- [TRY IT]
Every line below from the one with "COLUMBIA dievčenská ľahká" through the one with "Cabeça feita - Tendências" is to be repeated exactly, with no picture among them.
*** Opening of RECORDS TO PROCESS ***
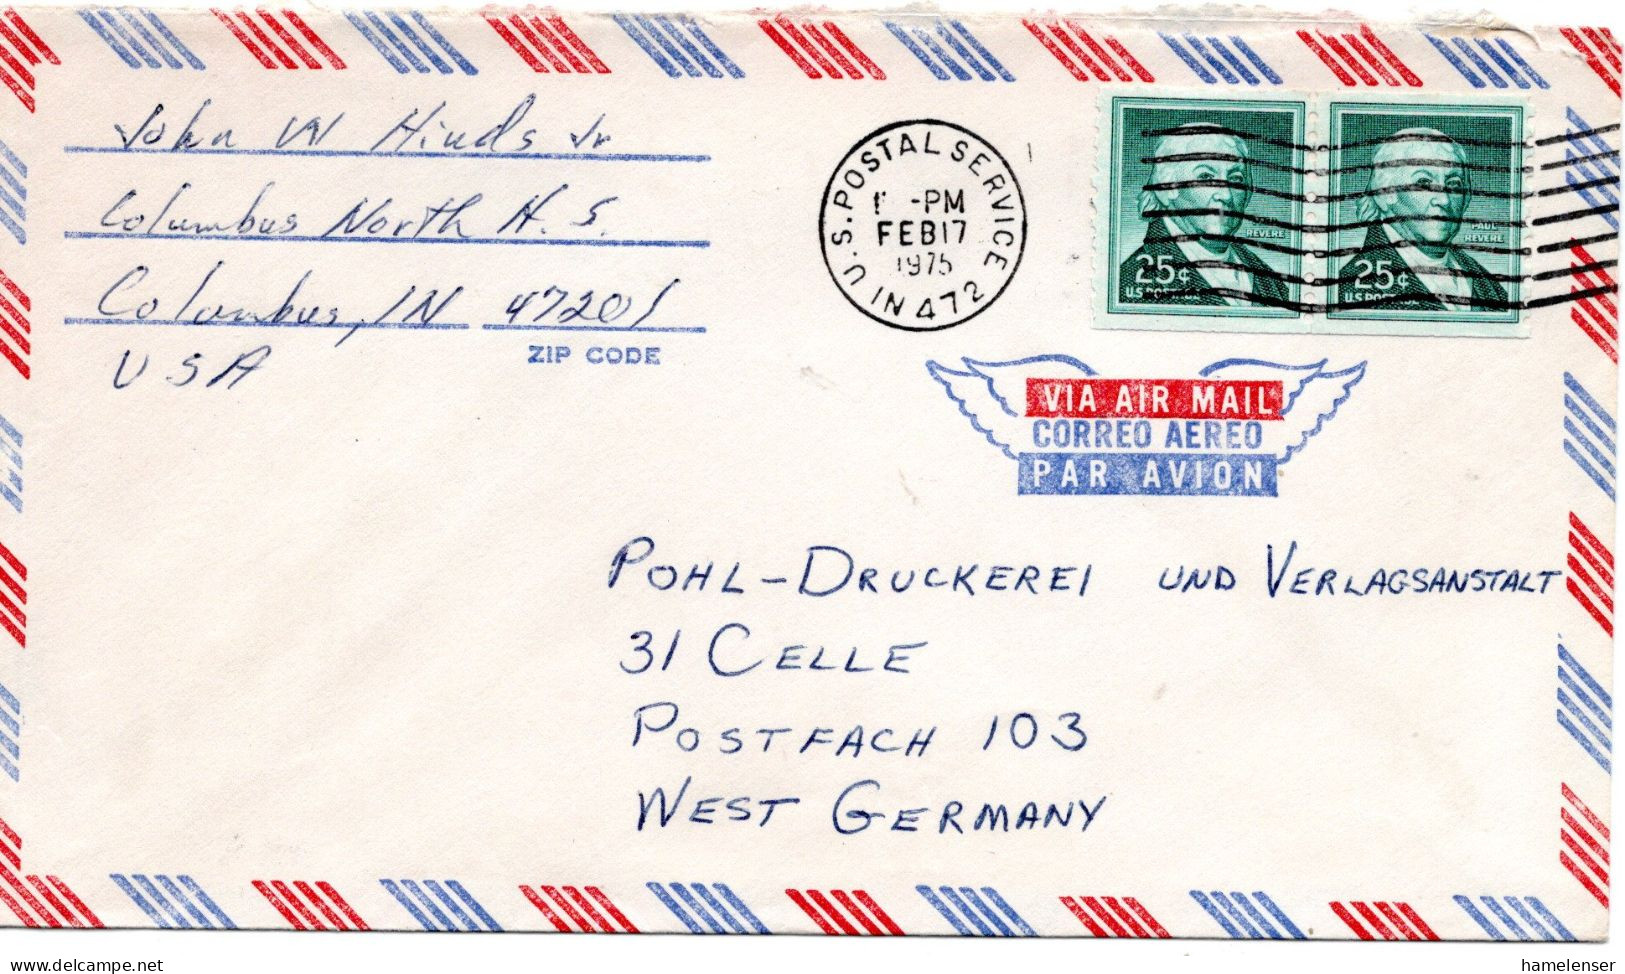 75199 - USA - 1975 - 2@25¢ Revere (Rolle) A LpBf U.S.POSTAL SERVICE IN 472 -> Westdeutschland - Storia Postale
*** Close of RECORDS TO PROCESS ***
*** Opening of RECORDS TO PROCESS ***
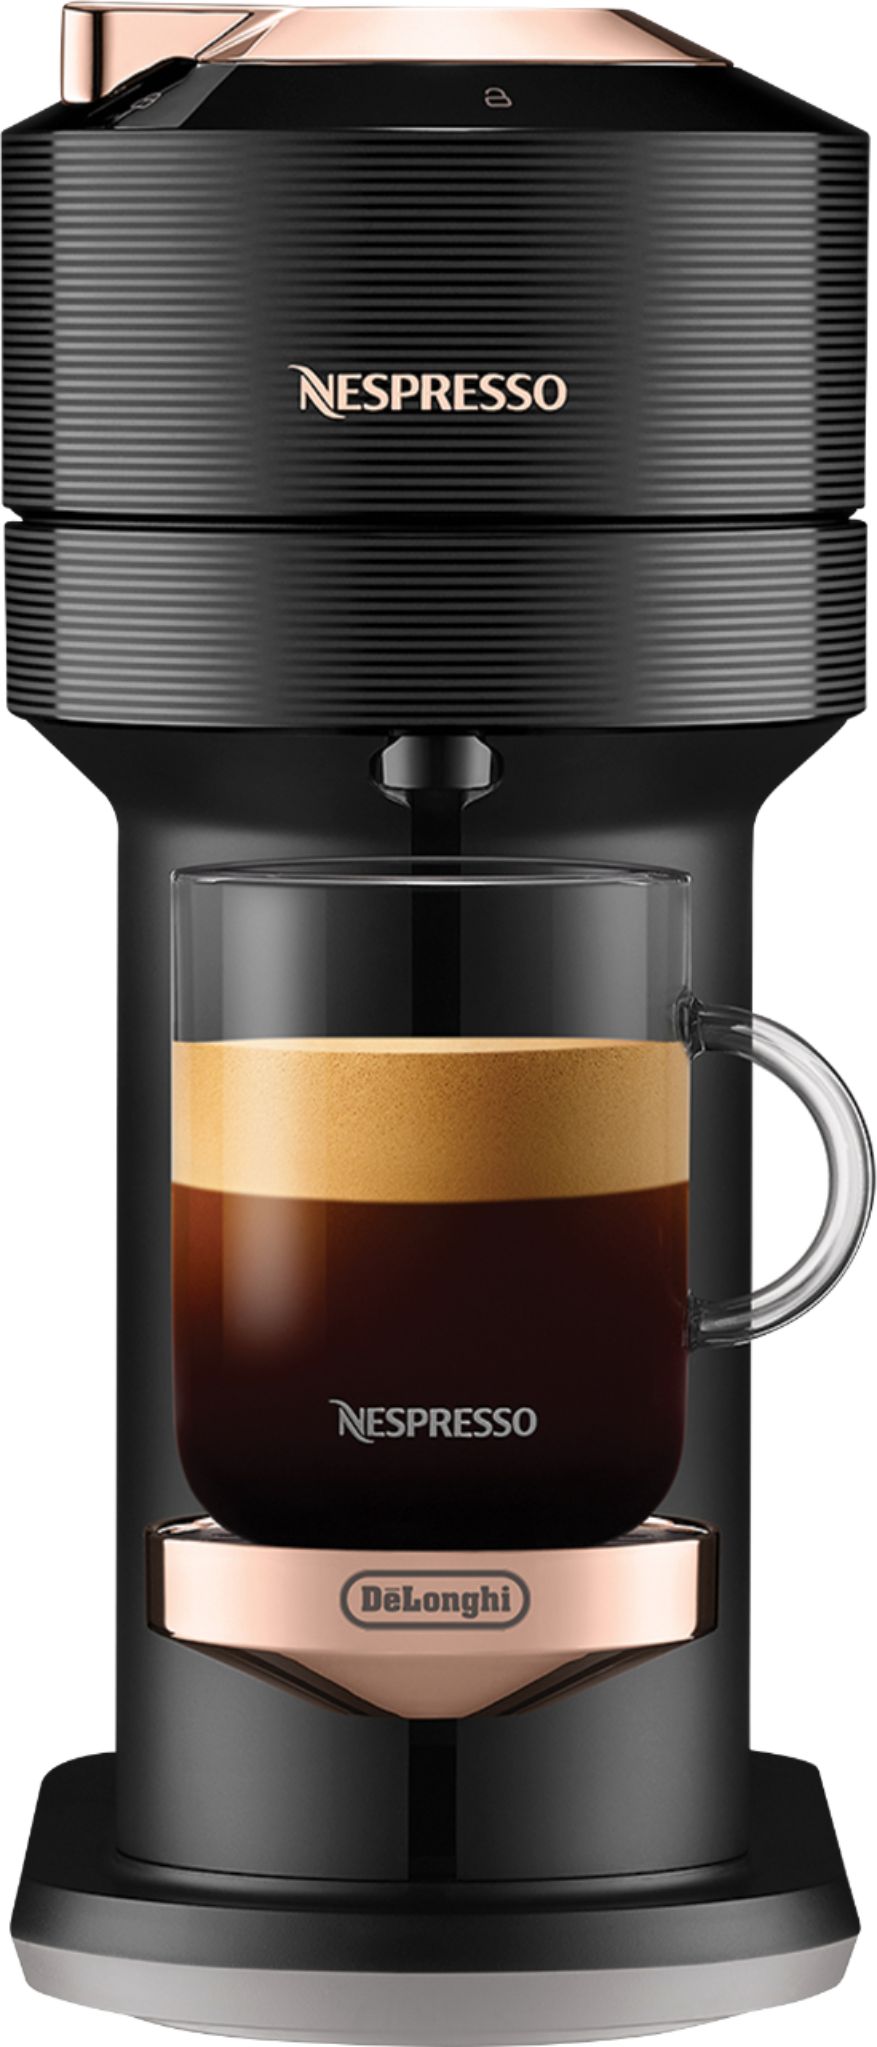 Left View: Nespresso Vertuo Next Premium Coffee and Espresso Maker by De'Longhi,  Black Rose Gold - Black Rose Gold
*** Close of RECORDS TO PROCESS ***
*** Opening of RECORDS TO PROCESS ***
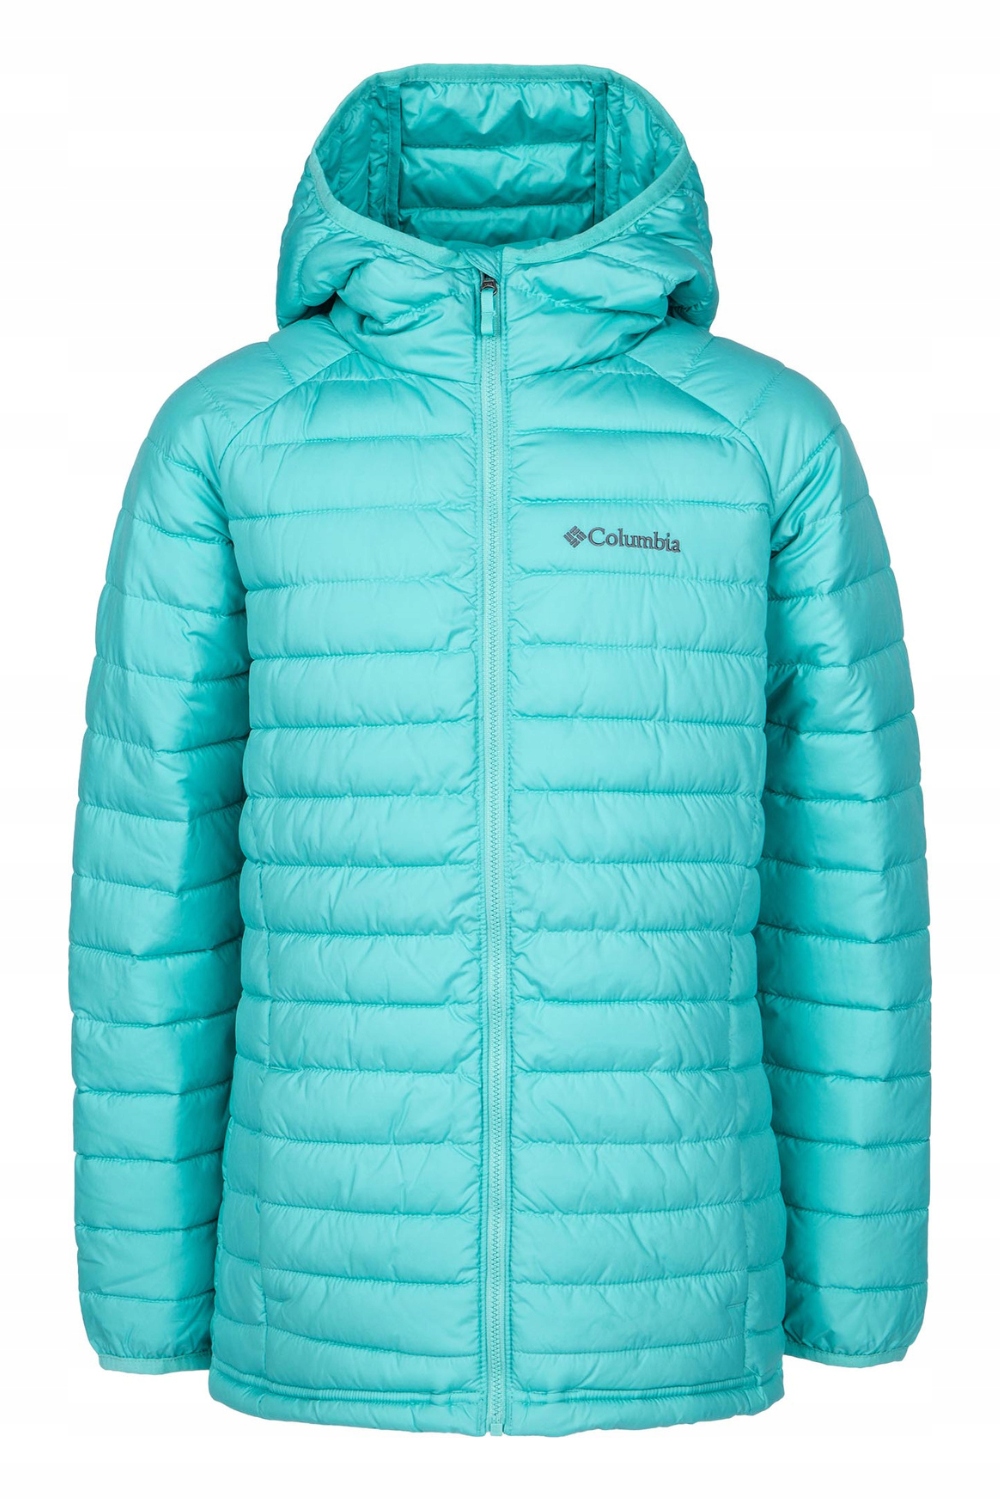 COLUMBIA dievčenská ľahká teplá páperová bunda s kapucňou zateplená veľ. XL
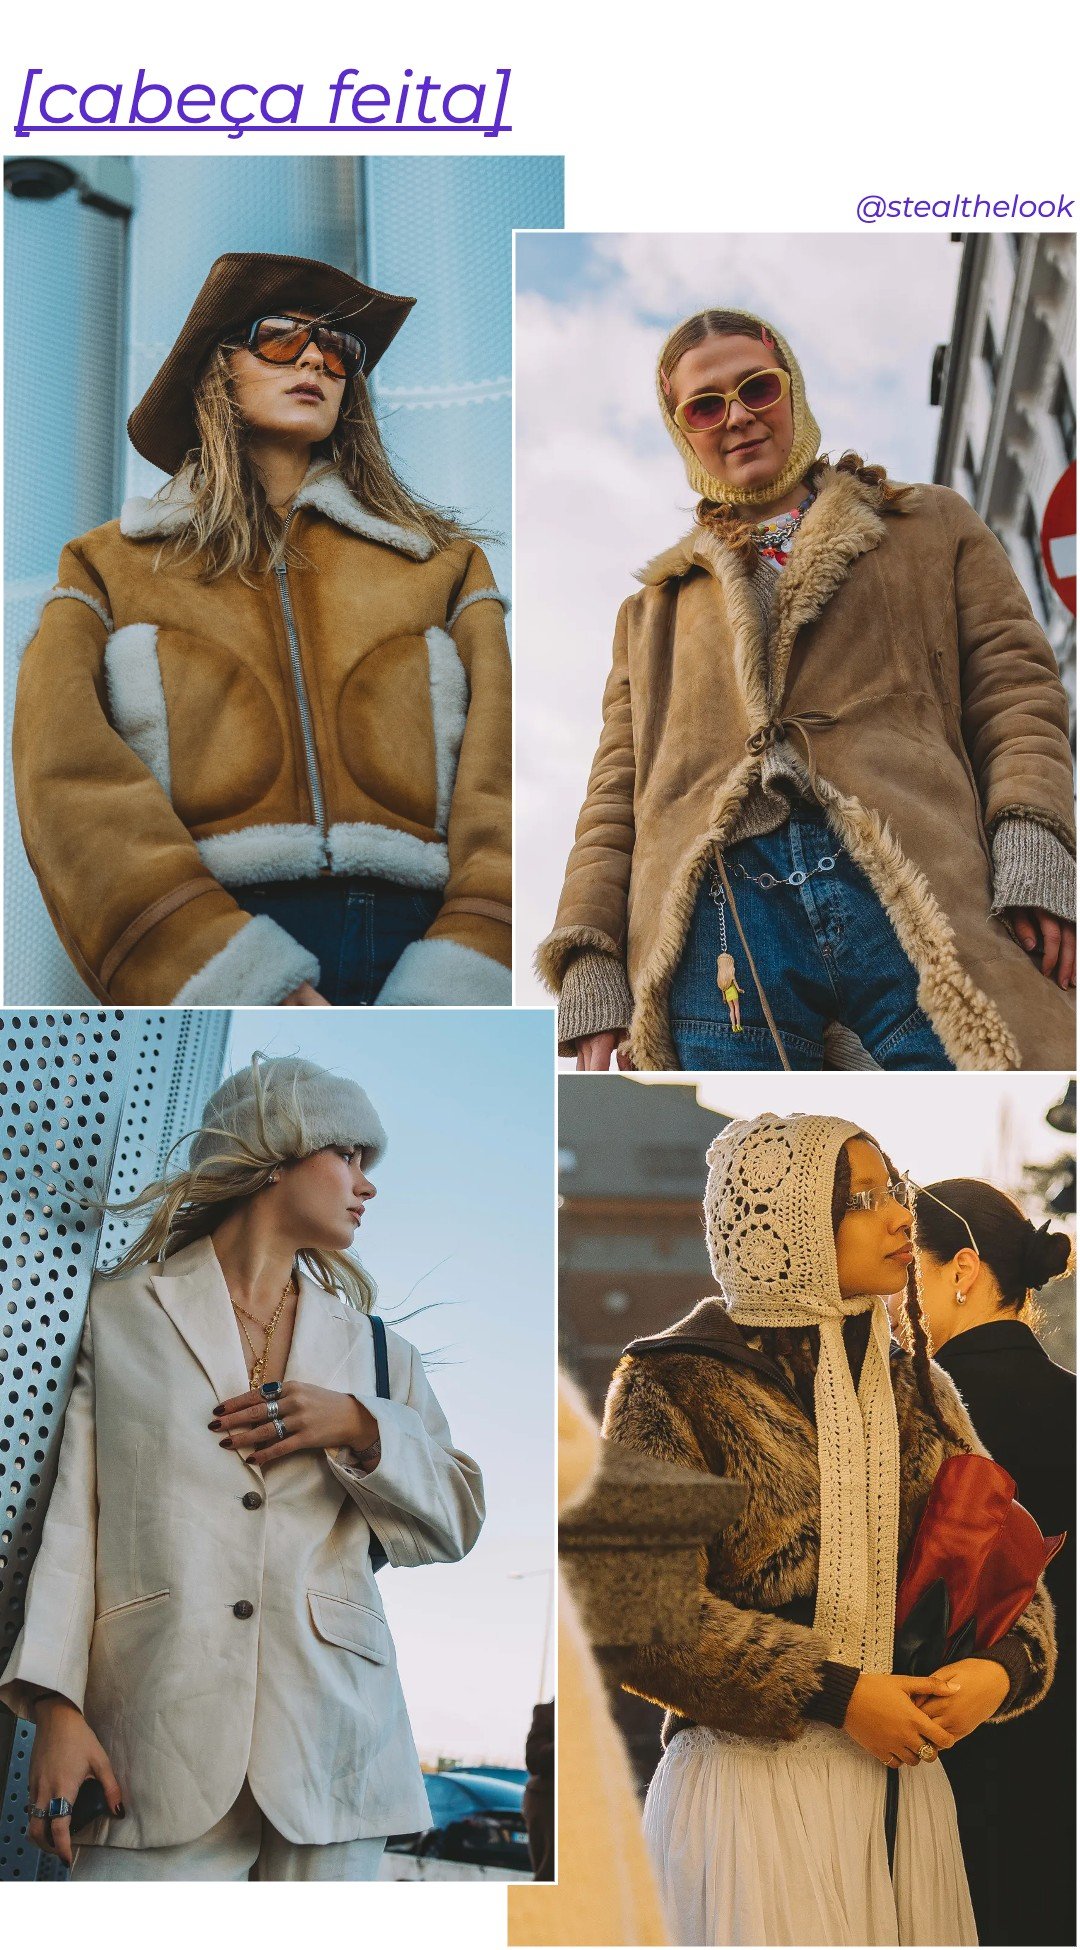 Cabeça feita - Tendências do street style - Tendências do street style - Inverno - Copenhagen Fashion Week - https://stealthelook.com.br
*** Close of RECORDS TO PROCESS ***
- [ANSWER BOX]
 COLUMBIA dievčenská ľahká teplá páperová bunda s kapucňou zateplená veľ. XL
 Cabeça feita - Tendências do street style - Tendências do street style - Inverno - Copenhagen Fashion Week - https://stealthelook.com.br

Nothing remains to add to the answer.